А значит — к черту все войны!
Следующий, пожалуйста!
— Ничего, хитер, — буркнул Роберт, — рифму мне подсунул. А ну-ка падай от изумления, я придумал:
Молот в руки! Колеса крутить…
— Минутку, минутку! — крикнул Трулезанд. — «Молот в руки, колеса крутить» — здесь неясность. Так можно нечаянно и по колесу трахнуть. Как бы не вышло недоразумения. А потом, мне кажется, тут опять вкрался перегиб: молот, колеса — все это прекрасно, но где же идейное начало, где работники пера, кисти, слова?
Работников слова из песни не выкинешь, пришлось их вставить — утром на митинге ораторы то и дело возвращались к идеям и духу, — и Якоб оказался на высоте, посоветовав заменить «колеса крутить» на «и перья вострить». Наконец-то текст получился и в рифму и политически выдержанный.
— Все, — сказал Якоб, — теперь можно спать спокойно.
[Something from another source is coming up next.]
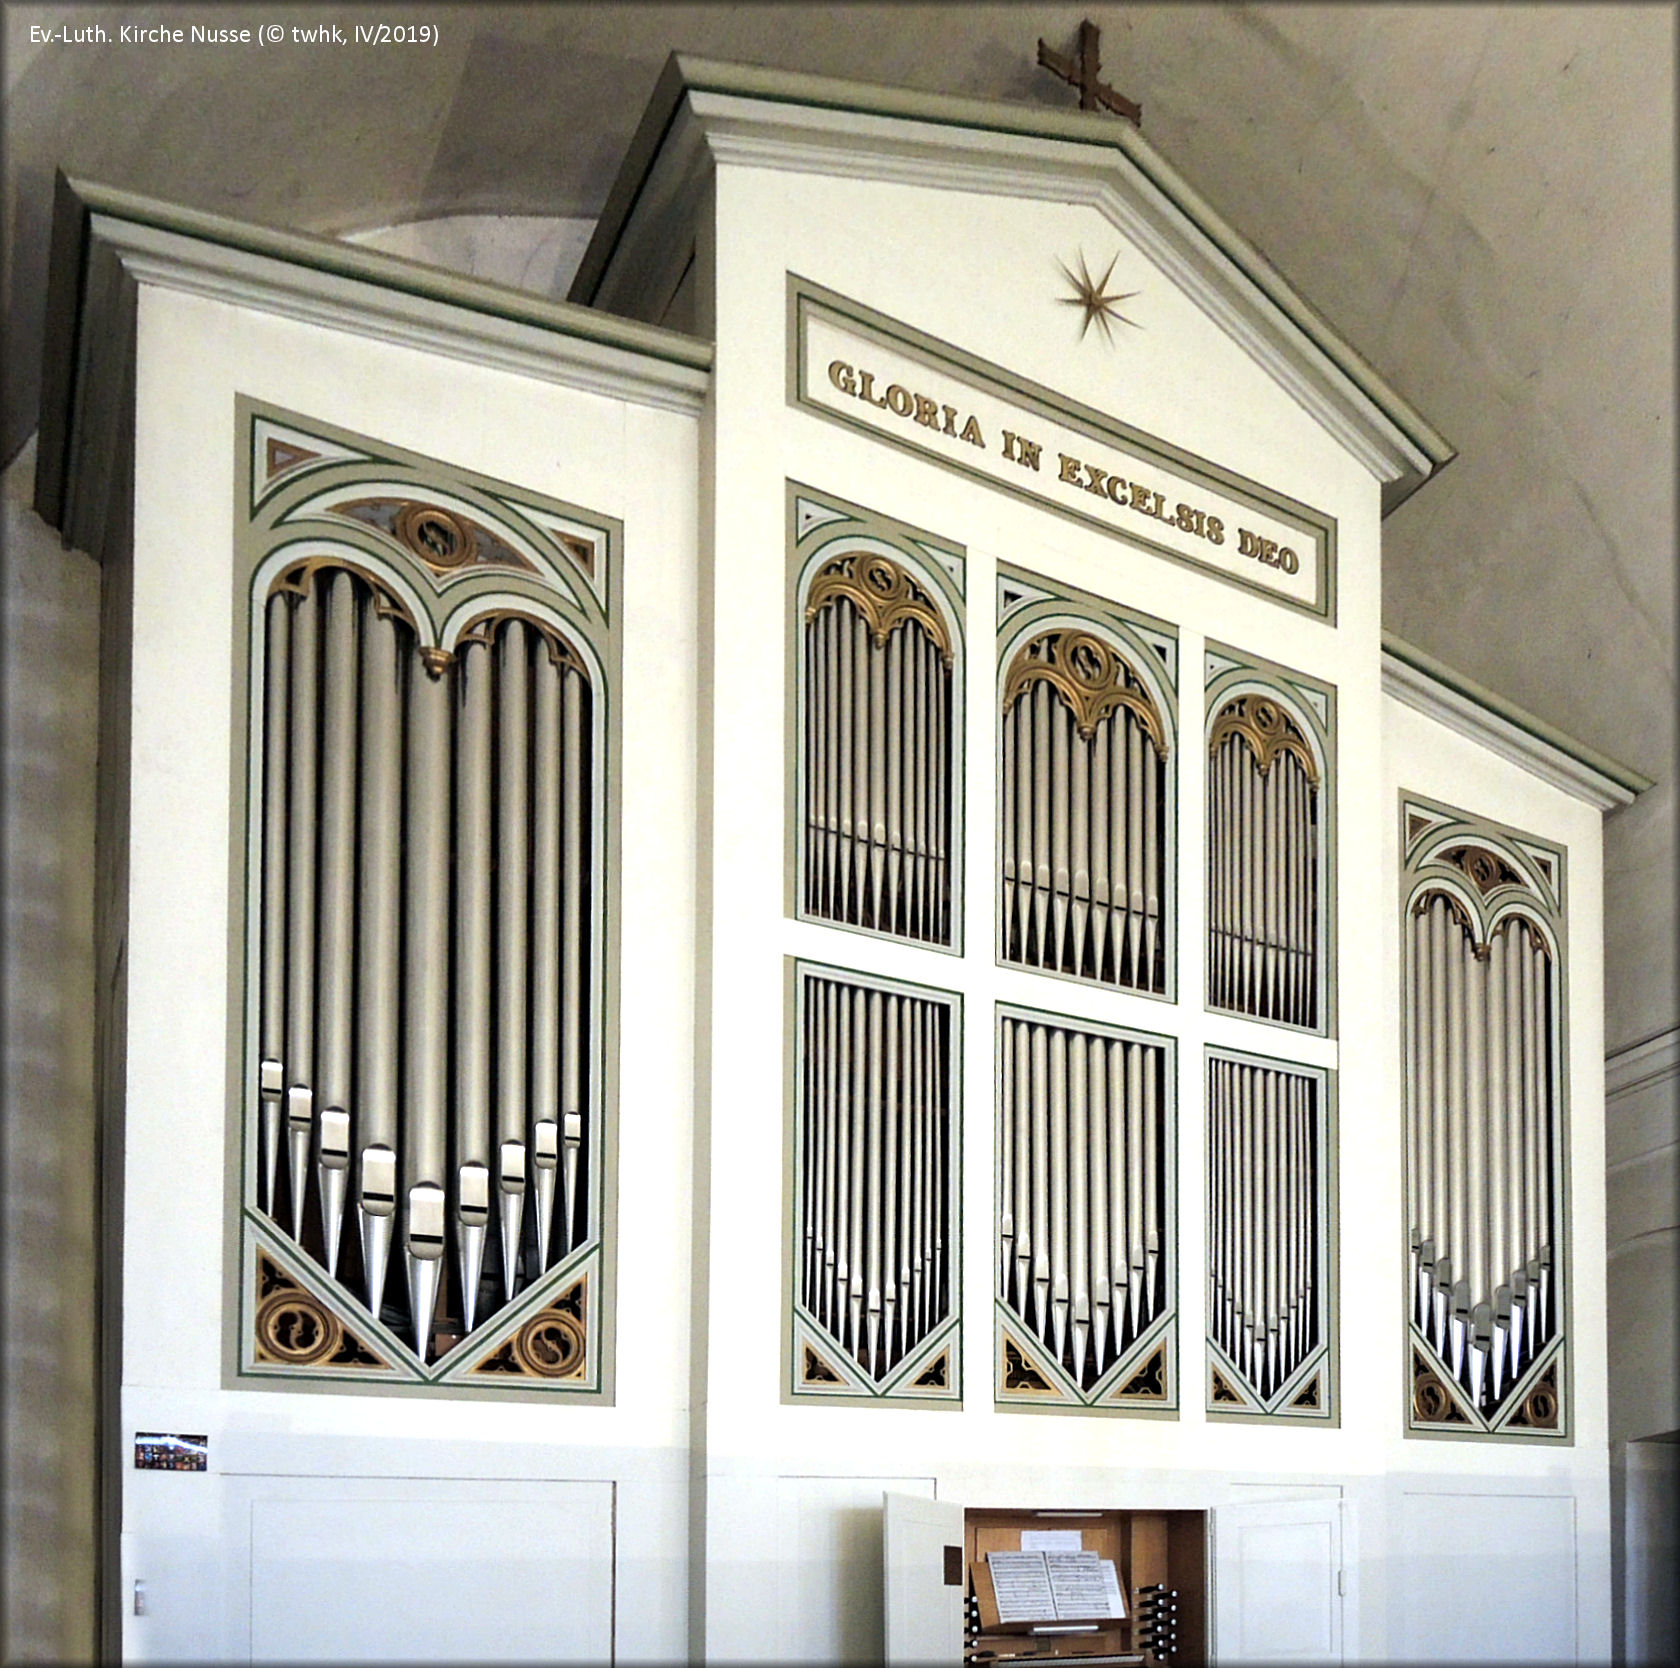 kirche nusse - 9038 - orgel.jpg

На другой день «Октябрьский марш» звучал уже не так победно, как ночью. Все были очень удивлены этим обстоятельством и задумались, у кого бы получить консультацию о тайнах стихосложения. Никто не мог предложить дельной кандидатуры, но все сошлись на том, что доктор Фукс, преподаватель немецкого языка, подходит тут меньше всего. С доктором Фуксом у них уже был печальный опыт, так же как и у доктора Фукса с ними. Страдания Фукса начались с первого же урока. Он надеялся найти здесь более понятливую аудиторию. Конечно, он понимал, что придется пахать залежь, но думал, что это будет по крайней мере добрый чернозем, а не бесплодная глина.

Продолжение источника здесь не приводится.